> [ACTIVITY]
From the entries below, write out exactly the lines between the line holding "Rachel V King Lifestyle desktop" and the line holding "YBR TC 01 020 Granül Yuber Metalurji", inclusive, excluding any pictures.

> [DATA TO USE]

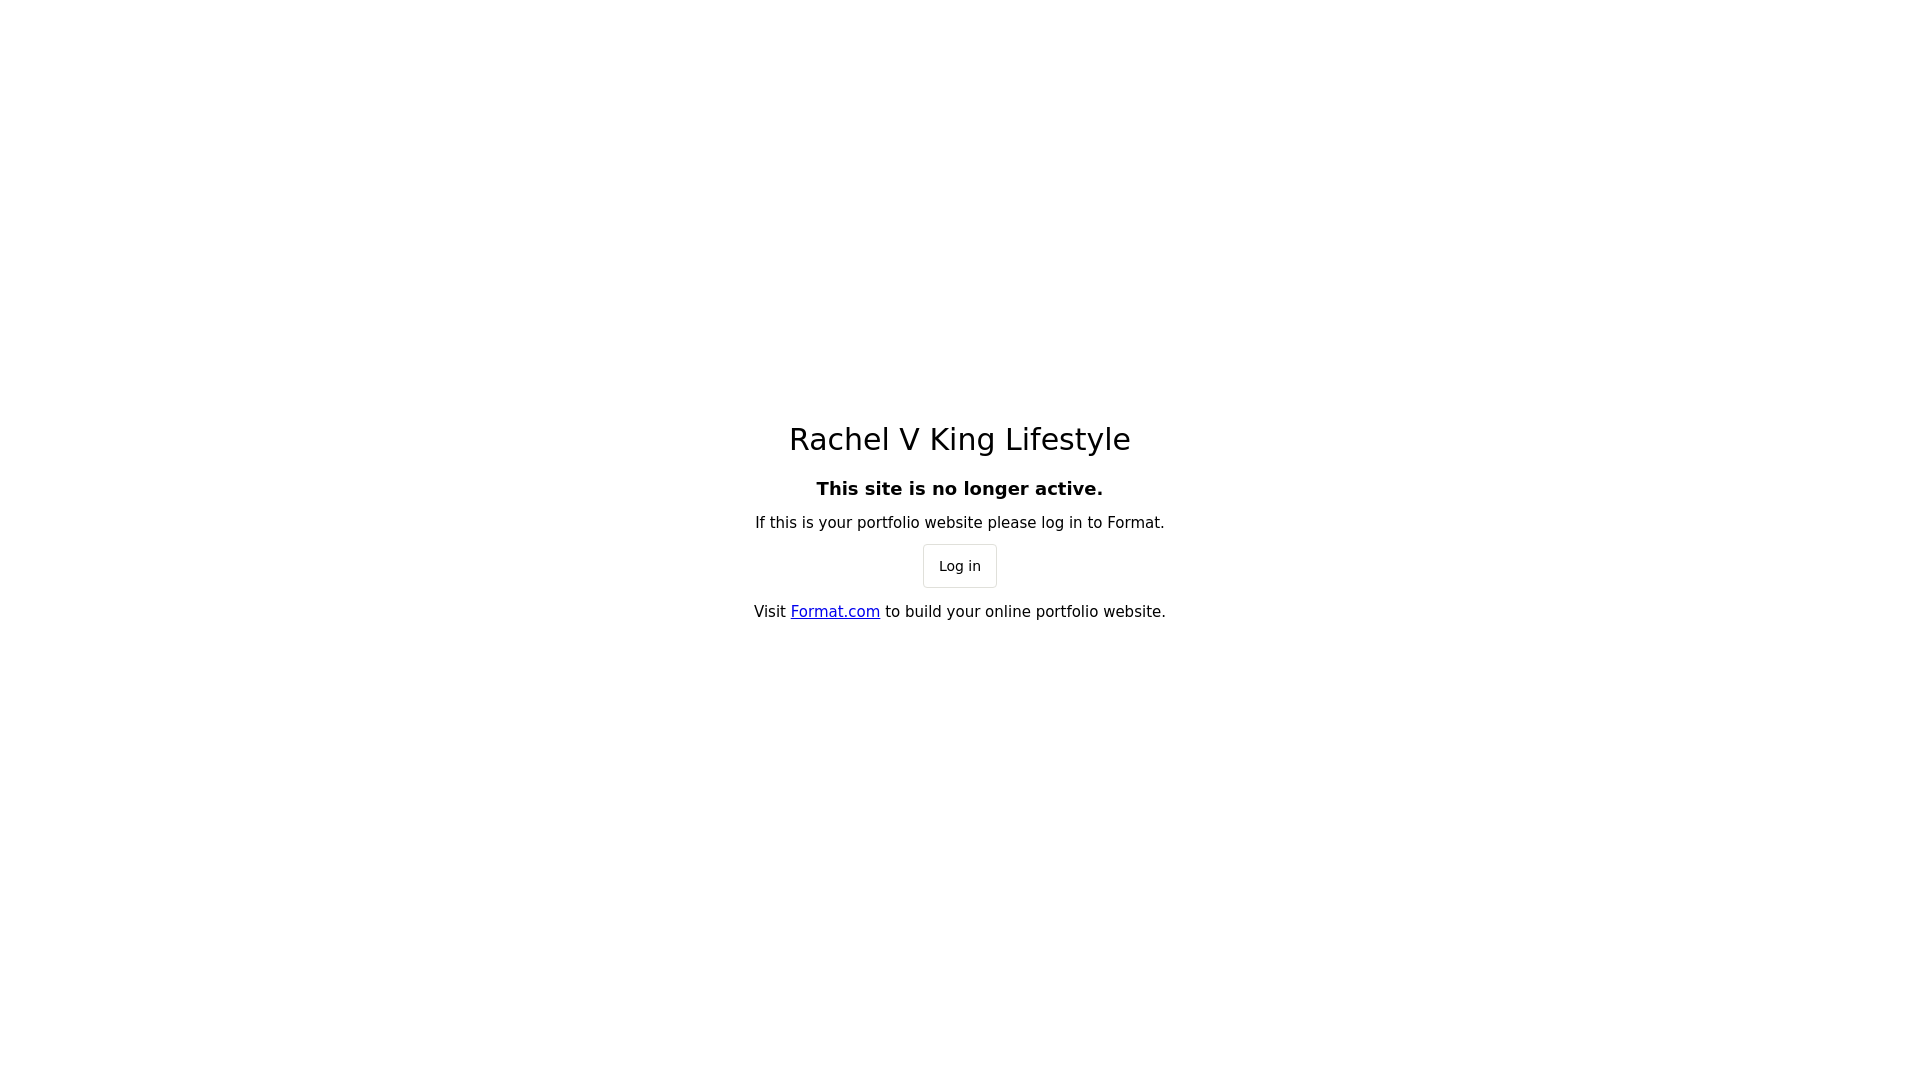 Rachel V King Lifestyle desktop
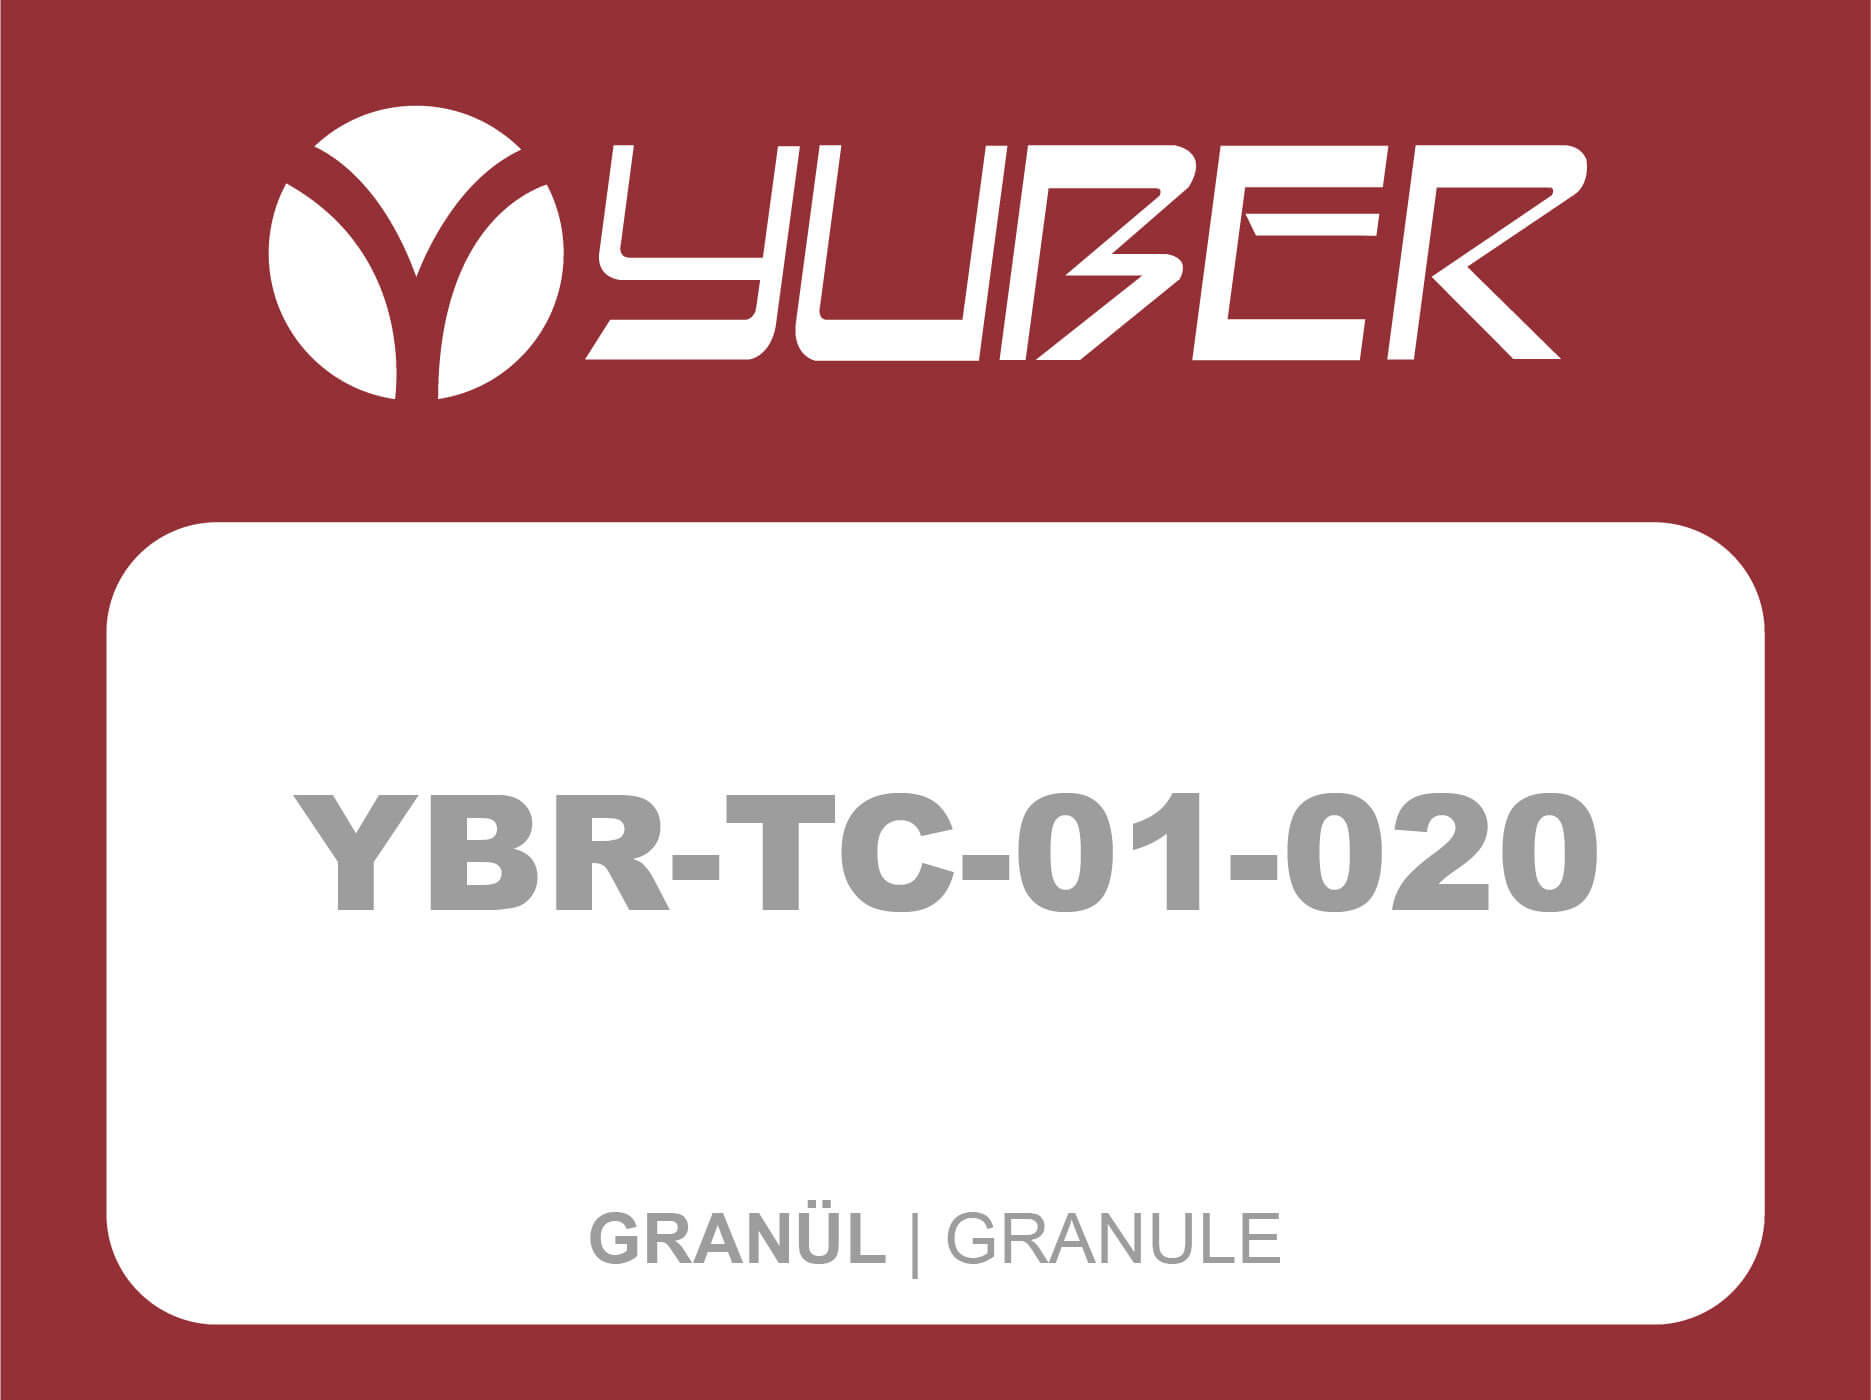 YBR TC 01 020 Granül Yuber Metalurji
---
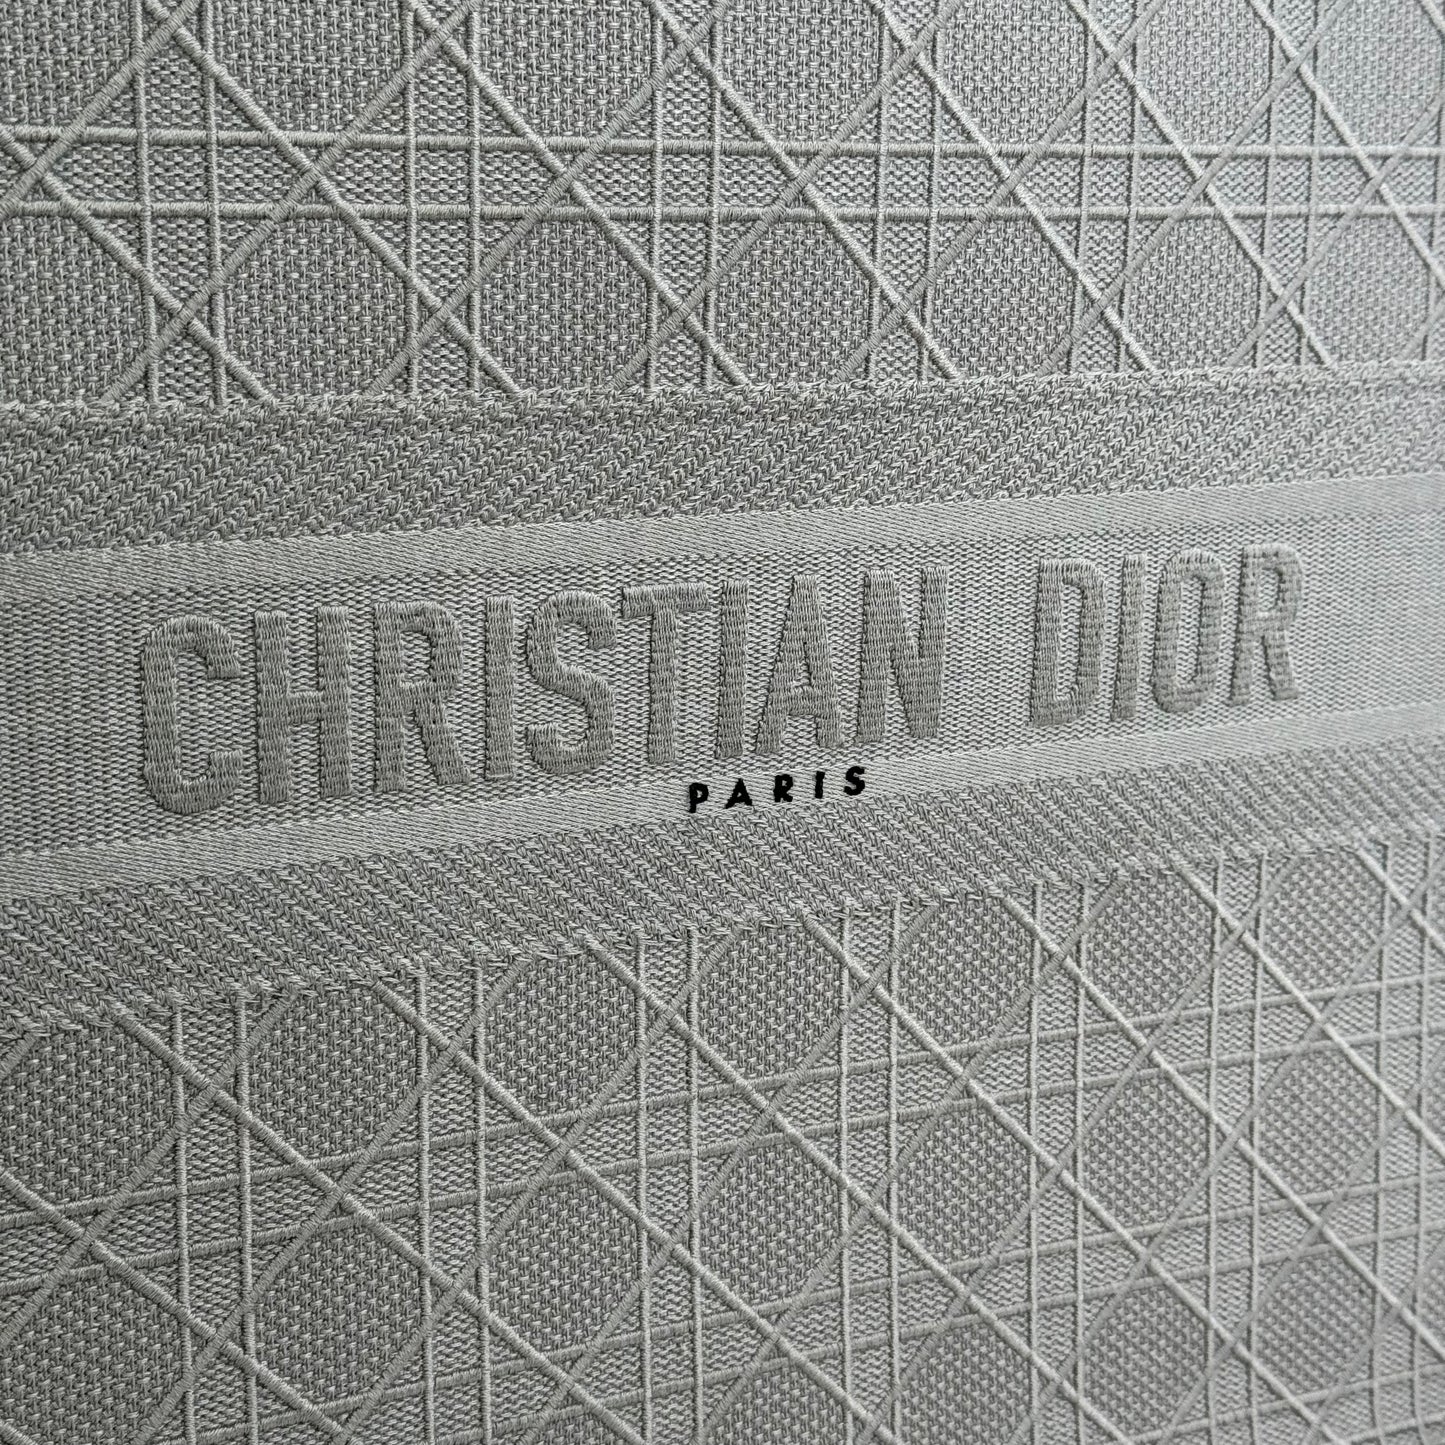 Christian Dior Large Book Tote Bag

> [EXPECTED OUTPUT]
 Rachel V King Lifestyle desktop
 YBR TC 01 020 Granül Yuber Metalurji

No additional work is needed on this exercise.